PROBLEM DETAILS:
Print the data below verbatim, minus images.

DATA EXCERPT:
------------------------
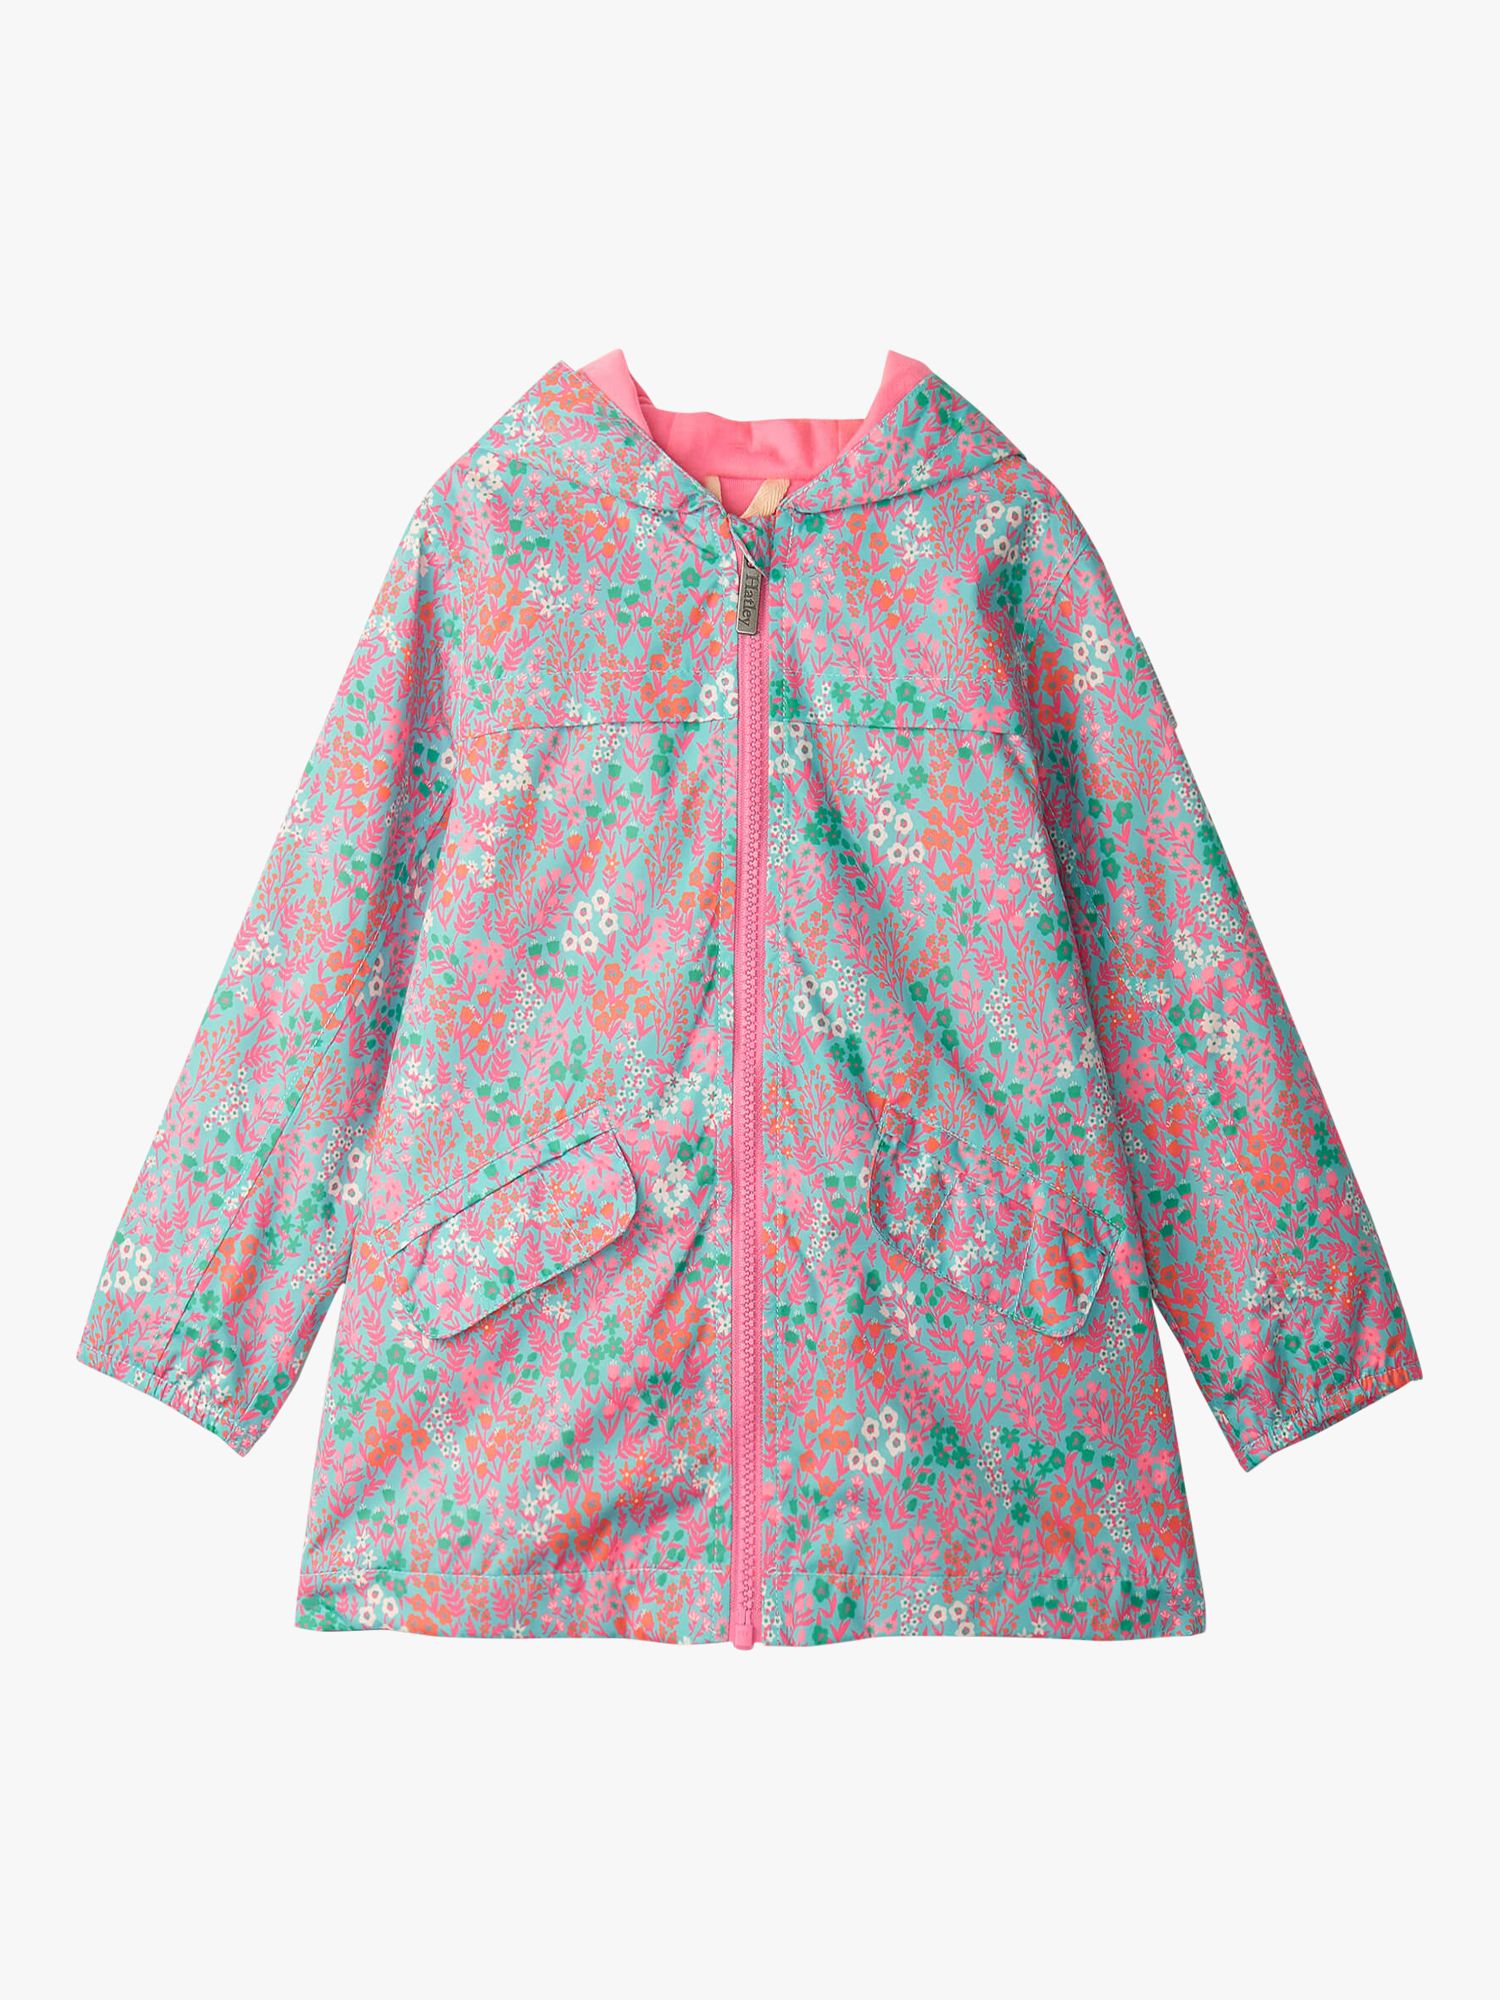 Hatley Kids' Ditsy Floral Spring Field Hooded Jacket, Blue Curacao, 2 years
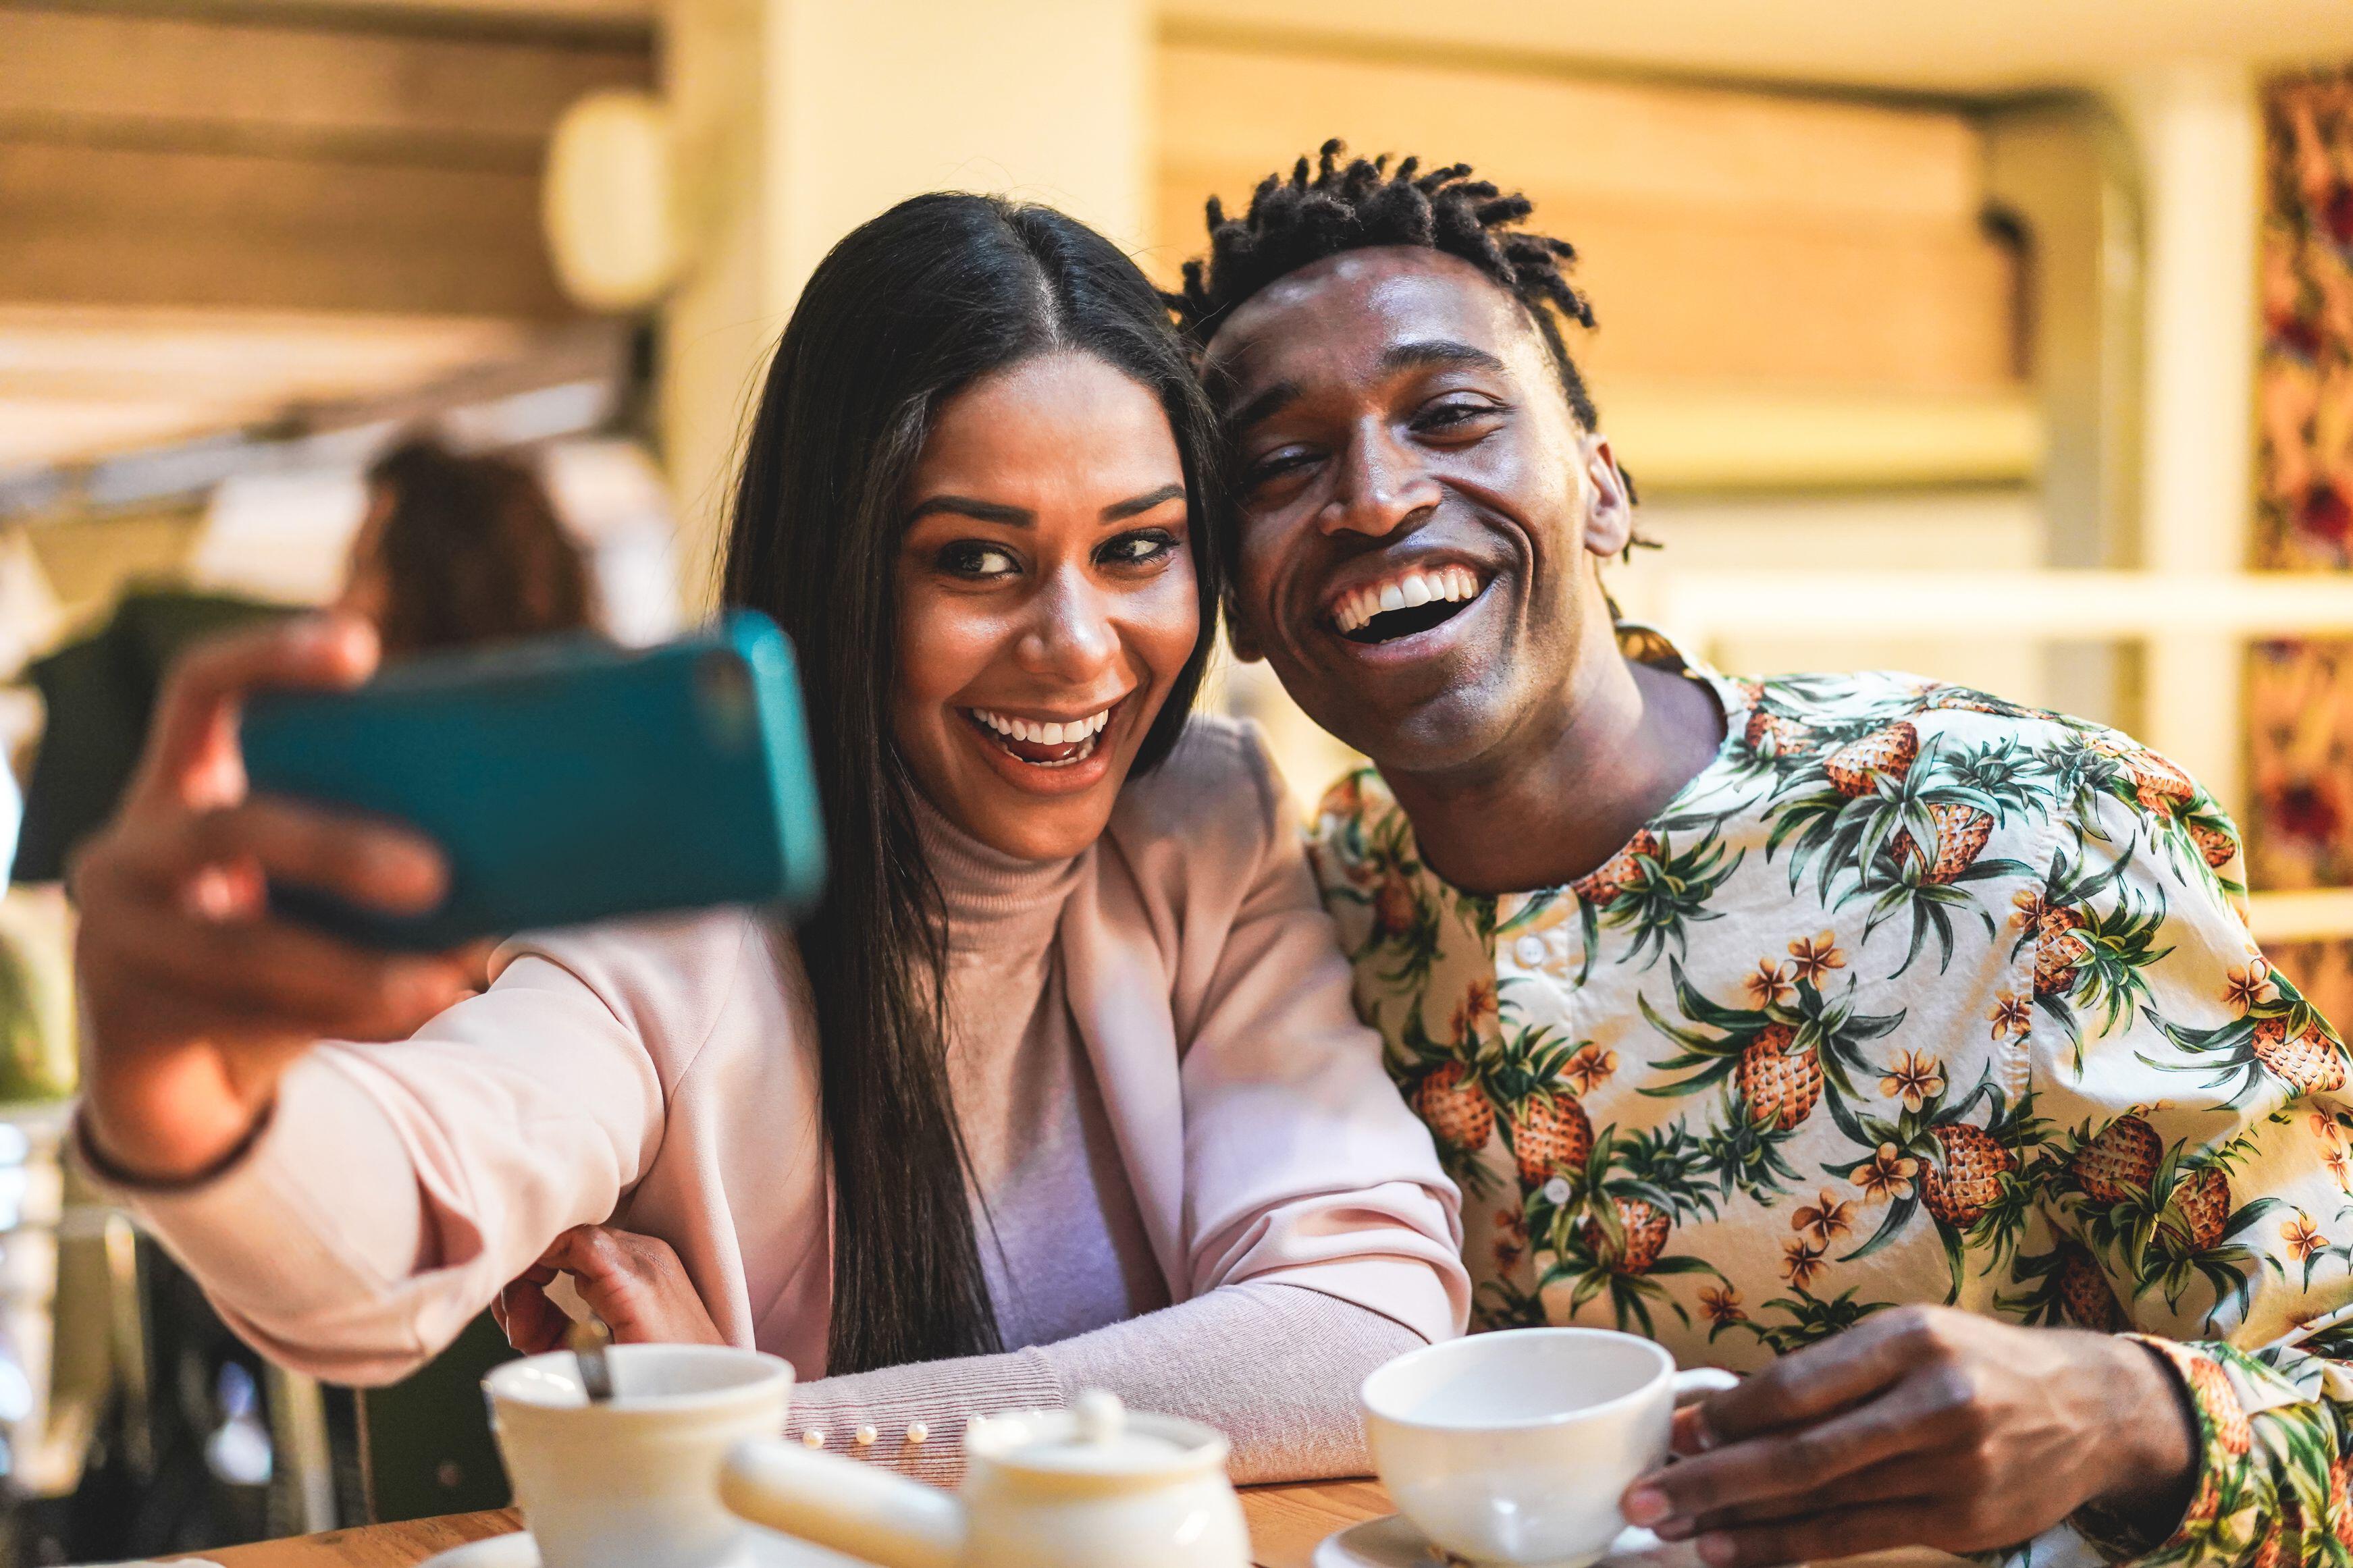 Smiling man and woman taking a selfie together in a cafe
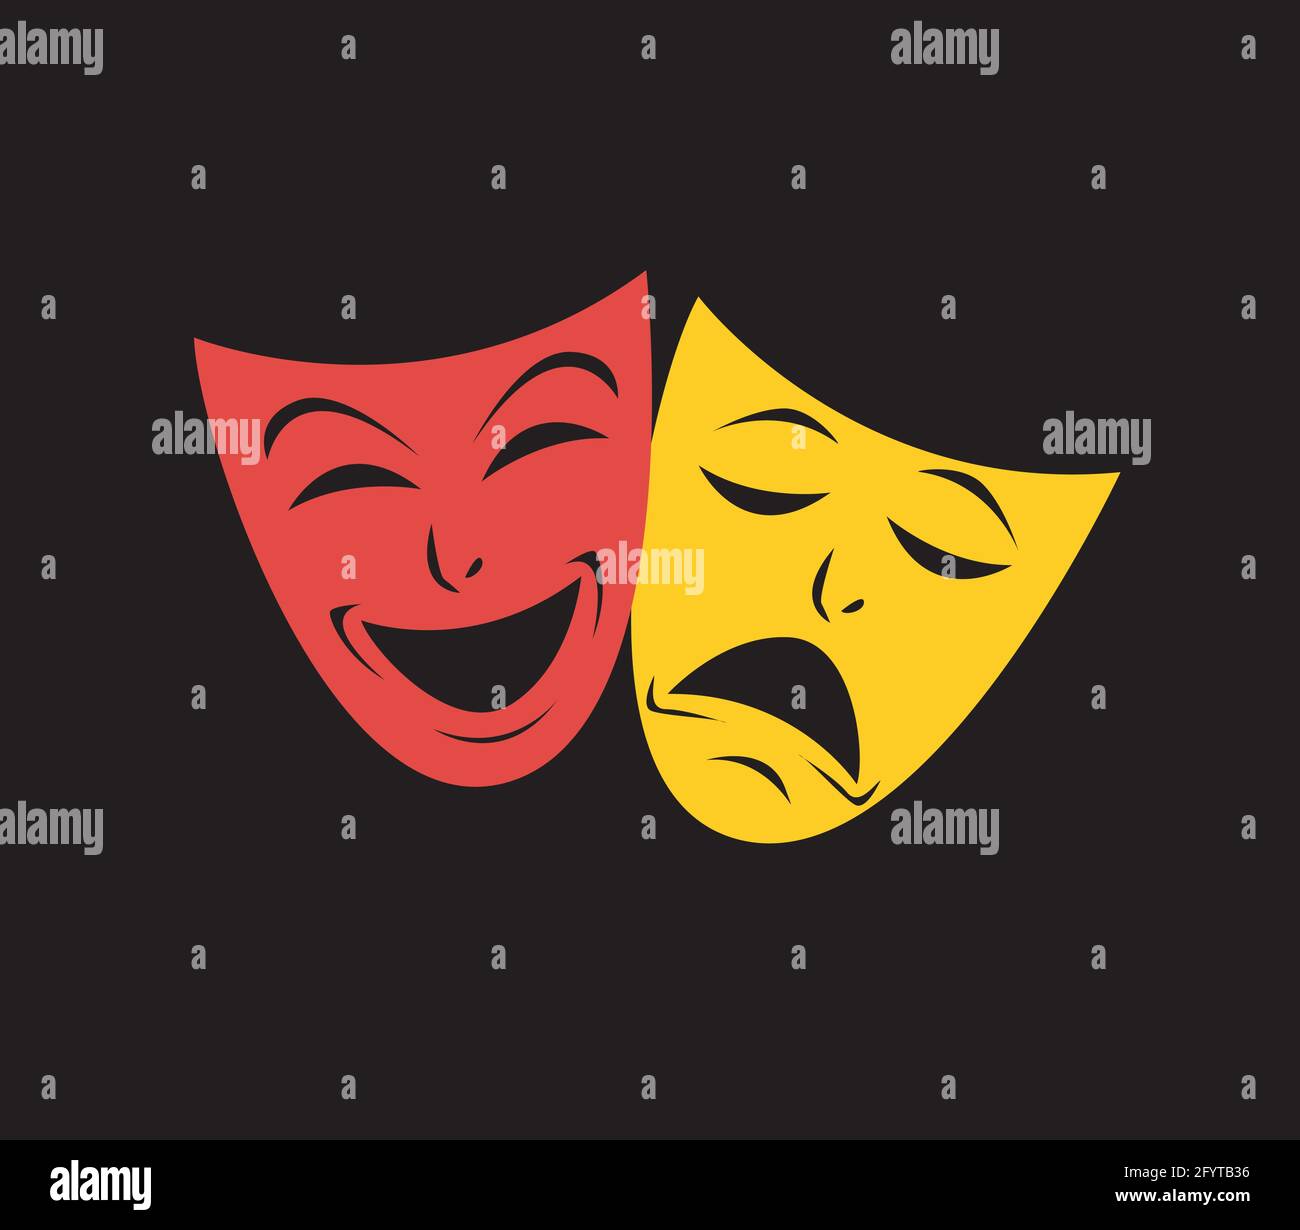 Theater icon with happy and sad masks. VECTOR illustration. Stock Vector
------------------------
WORKED SOLUTION:
 Hatley Kids' Ditsy Floral Spring Field Hooded Jacket, Blue Curacao, 2 years
 Smiling man and woman taking a selfie together in a cafe
 Theater icon with happy and sad masks. VECTOR illustration. Stock Vector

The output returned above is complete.